Кто-то дернул его за ногу, повторил тихо:
— Спичек не найдется?
«Феденька», — догадался Коля.
— Спит, — услышал он удовлетворенный голос Феденьки. — Все в порядке.
— А может, не спит? — спросил Вася. — Проверь как следует.
Феденька стал на нижнюю полку и привычным отработанным движением указательного и большого пальца зажал Коле ноздри. Стало нечем дышать, но Коля решил вести игру до конца. Словно спросонья, он со всхлипыванием и криком хватнул ртом воздух, повернулся на бок и сладко захрапел.
Феденька спрыгнул на пол, ухмыльнулся:
— Как убитый…
Коля приоткрыл глаза. Феденька и Вася стояли в проходе. Слабо мерцал огарок свечи. Кто-то начинал бормотать — наверное, мучили в духоте кошмары. Потом снова воцарялось спокойствие.
— Кондратьев это, — с ненавистью сказал Феденька. — Я так понимаю: он теперь либо в ГПУ, либо в милиции. Сапоги его погляди. Он нам, не дай бог, всю обедню нарушит.

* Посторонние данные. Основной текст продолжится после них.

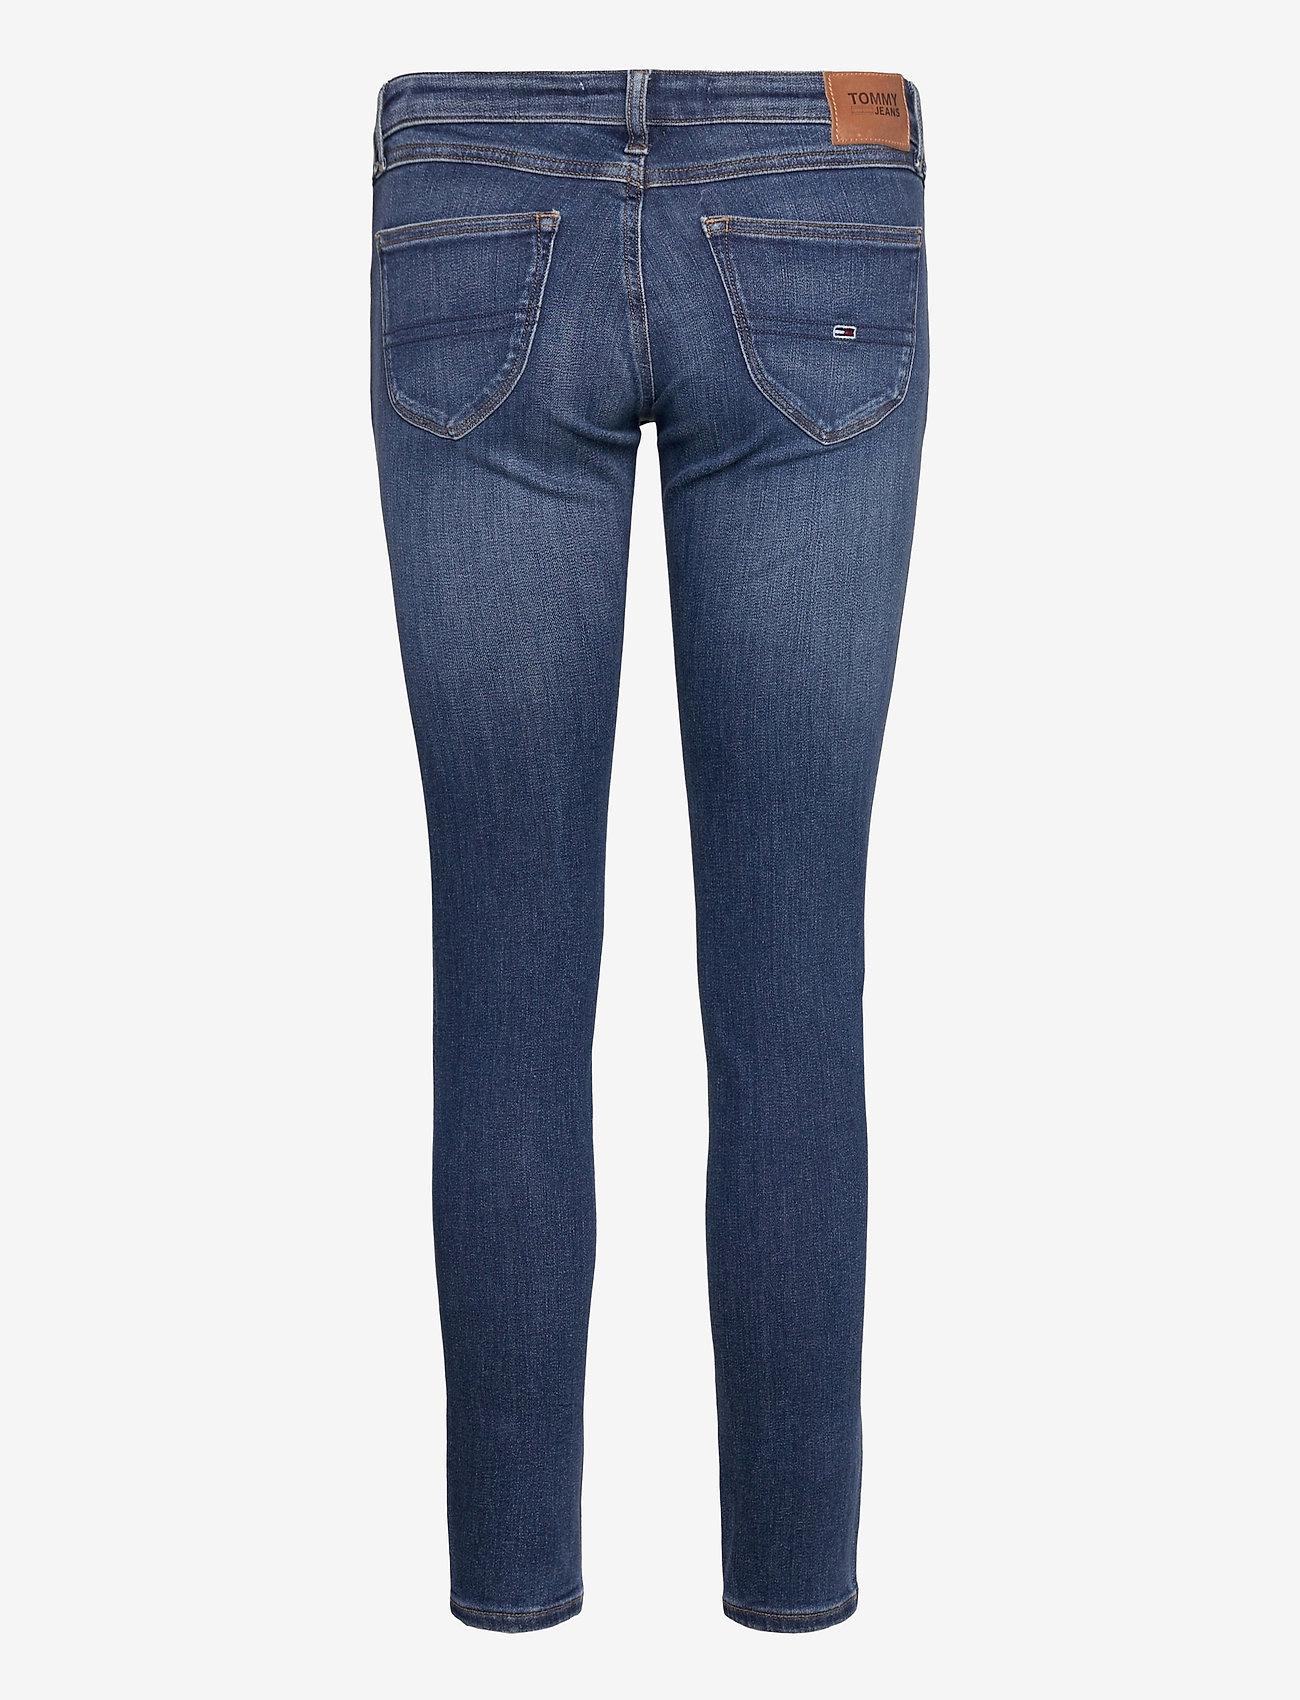 Tommy Jeans - SOPHIE LR SKNY HLDBST - skinny jeans - harlow dark blue str - 1

«Дурак я! — мысленно выругался Коля. — Надо же. А с другой стороны? Я же не в разведку еду! Я к себе домой. В отпуск!» Коля медленно сунул руку под пиджак, сжал рукоять кольта.
— Я его кончу, — тихо сказал Феденька, — а ты — его бабу.
Вася кивнул. Феденька вынул из кармана складной нож, нажал предохранитель. Выскочило длинное, обоюдоострое лезвие.
— А может, он эти сапоги на толкучке купил? — вдруг громко спросил Вася.
— Тише! — зашипел Феденька. — Все может быть. А в нашем деле — береженого и бог бережет. Давай, — он приблизился к Коле и долго всматривался. Коля уже из последних сил разыгрывал спящего — казалось, еще мгновение, и не выдержать. Феденька снова встал на полку, взмахнул рукой, и в ту же секунду Коля ударил его головой в лицо — это был старый, испытанный прием, который употребляли в драках преступники. У Коли не было другого выхода.
Феденька выронил нож, схватился за разбитое лицо и рухнул на пол.
— Бросай финку! — приказал Коля сообщнику Феденьки. — Не на того напоролись. Не по сапогам судить надо, фраера. — Коля на всякий случай решил разыграть маститого блатного. — Бросай, бросай, кусошник.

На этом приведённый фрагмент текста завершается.